Generating Food Data

We'll be using food data from the USDA's Branded Food's dataset.

Preparing the food data

# read in the food csv file
food_df = pd.read_csv("food.csv")

# print row and column information
food_df.head()
index
fdc_id
data_type
description
food_category_idpublication_date
0356425branded_foodMOCHI ICE CREAM BONBONSNaN2019-04-01
1356426branded_foodCHIPOTLE BARBECUE SAUCENaN2019-04-01
2356427branded_foodHOT & SPICY BARBECUE SAUCENaN2019-04-01
3356428branded_foodBARBECUE SAUCENaN2019-04-01
4356429branded_foodBARBECUE SAUCENaN2019-04-01

You can see that the description column has the names for the foods we're interested in.

# print the size 
food_df["description"].size

354565

We have way more rows than we need, so let's:

  • Disqualify foods with special characters (+,&, !, , and so on).
  • Filter out foods containing more than 3 words.
# diaqualify foods with special characters, lowercase and extract results from "description" column
foods = food_df[food_df["description"].str.contains("[^a-zA-Z ]") == False]["description"].apply(lambda food: food.lower())

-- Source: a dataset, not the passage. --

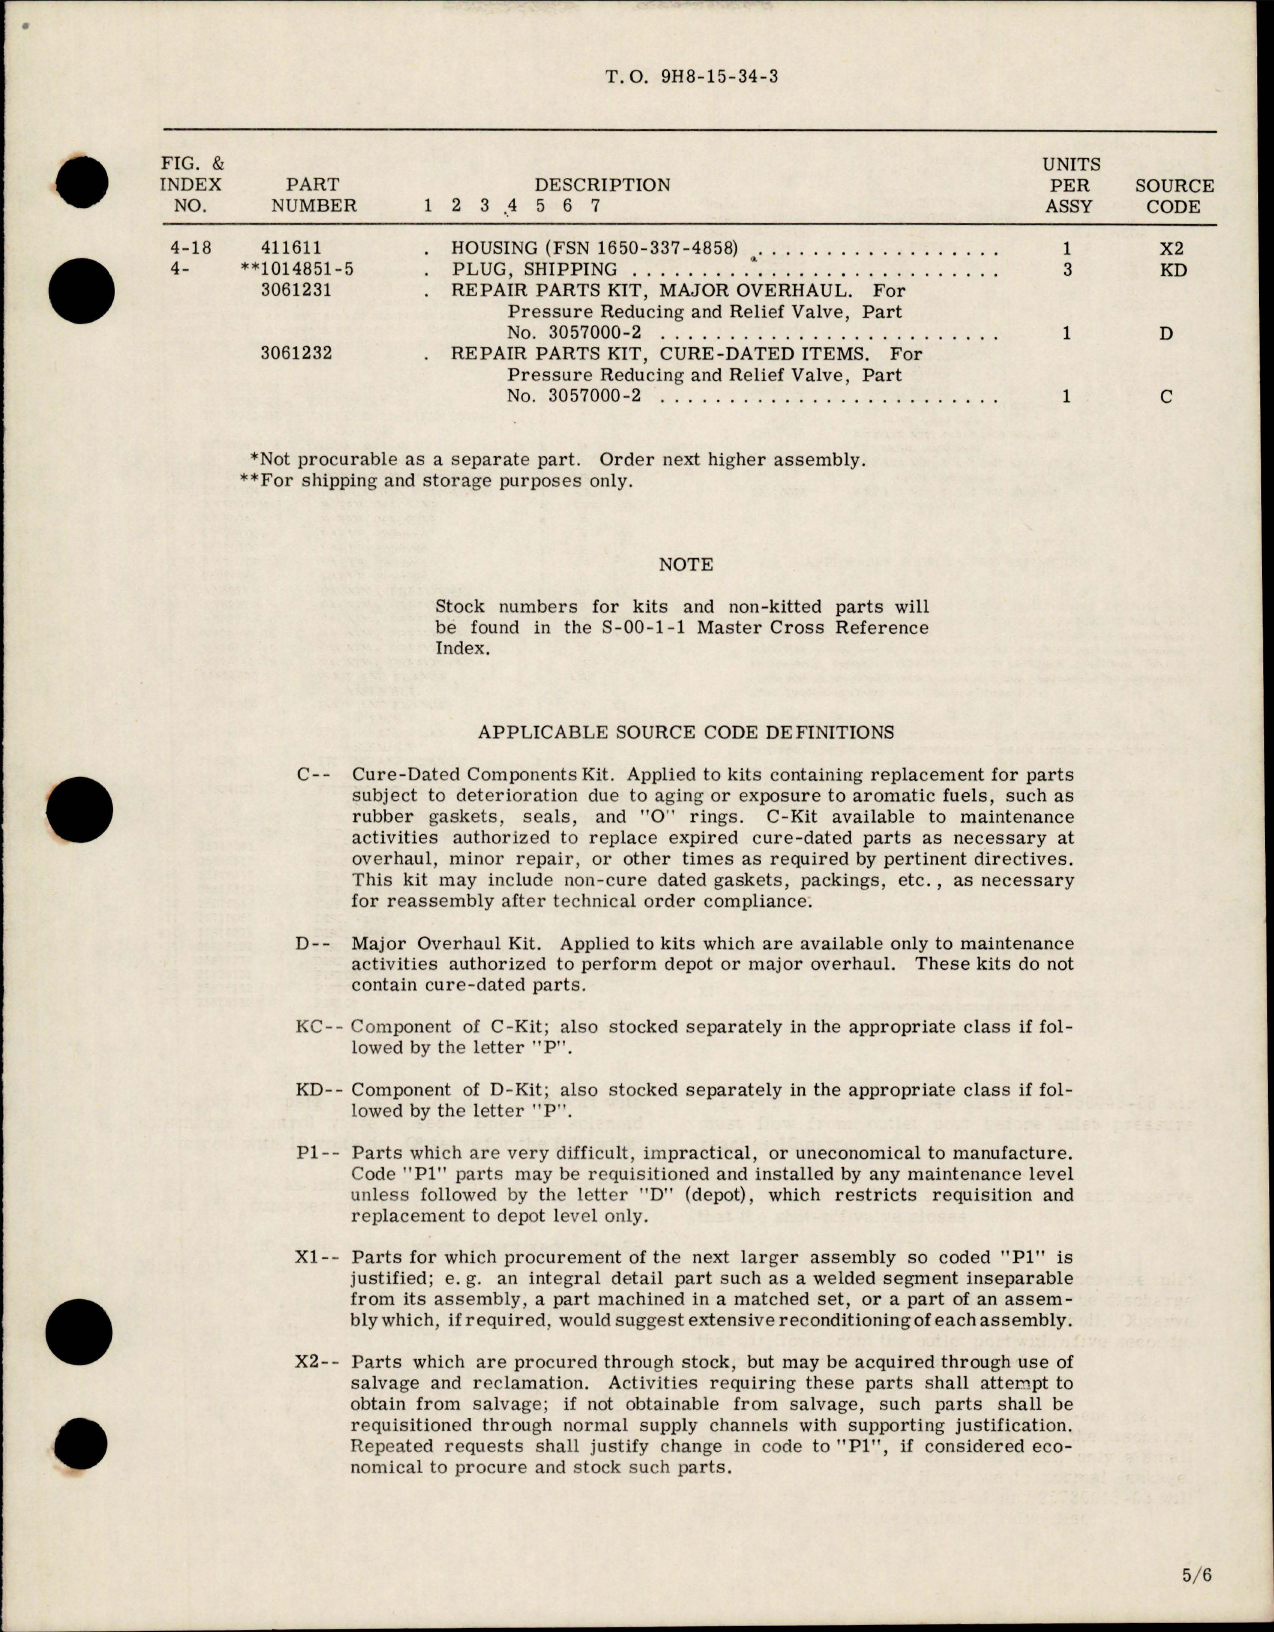 Sample page 5 from AirCorps Library document: Overhaul with Parts Breakdown for Pressure Reducing and Relief Valve - Part 3057000-2

# filter out foods with more than 3 words, drop any duplicates
foods = foods[foods.str.split().apply(len) <= 3].drop_duplicates()

# print the remaining size
foods.size

37596

Now, we need to think about how we want our data to be distributed. By reducing to 3-worded food items, we effectively have food entities that look like this:

  • hamburger | 1-worded
  • grilled cheese | 2-worded
  • chocolate ice cream | 3-worded

When feeding our training data into spaCy, we want to think about the bias we want spaCy to avoid.

# find one-worded, two-worded and three-worded foods
one_worded_foods = foods[foods.str.split().apply(len) == 1]
two_worded_foods = foods[foods.str.split().apply(len) == 2]
three_worded_foods = foods[foods.str.split().apply(len) == 3]

# create a bar plot
fig, ax = plt.subplots(figsize=(10, 6))
ax.bar([1, 2, 3], [one_worded_foods.size, two_worded_foods.size, three_worded_foods.size])

# label the x-axis instances
ax.set_xticks([1, 2, 3])
ax.set_xticklabels(["one", "two", "three"])

# set the title and the xy-axis labels
plt.title("Number of Words in Food Entities")
plt.xlabel("Number of Words")
plt.ylabel("Food Entities")

# display the plot
plt.show()

Because the majority of our food entities are multi-worded, spaCy would develop a bias for multi-worded foods. If we look back to our example of grilled cheese, it's not a big deal if spaCy identifies cheese instead of grilled cheese. It is a big deal if spaCy fails to identify cheese at all.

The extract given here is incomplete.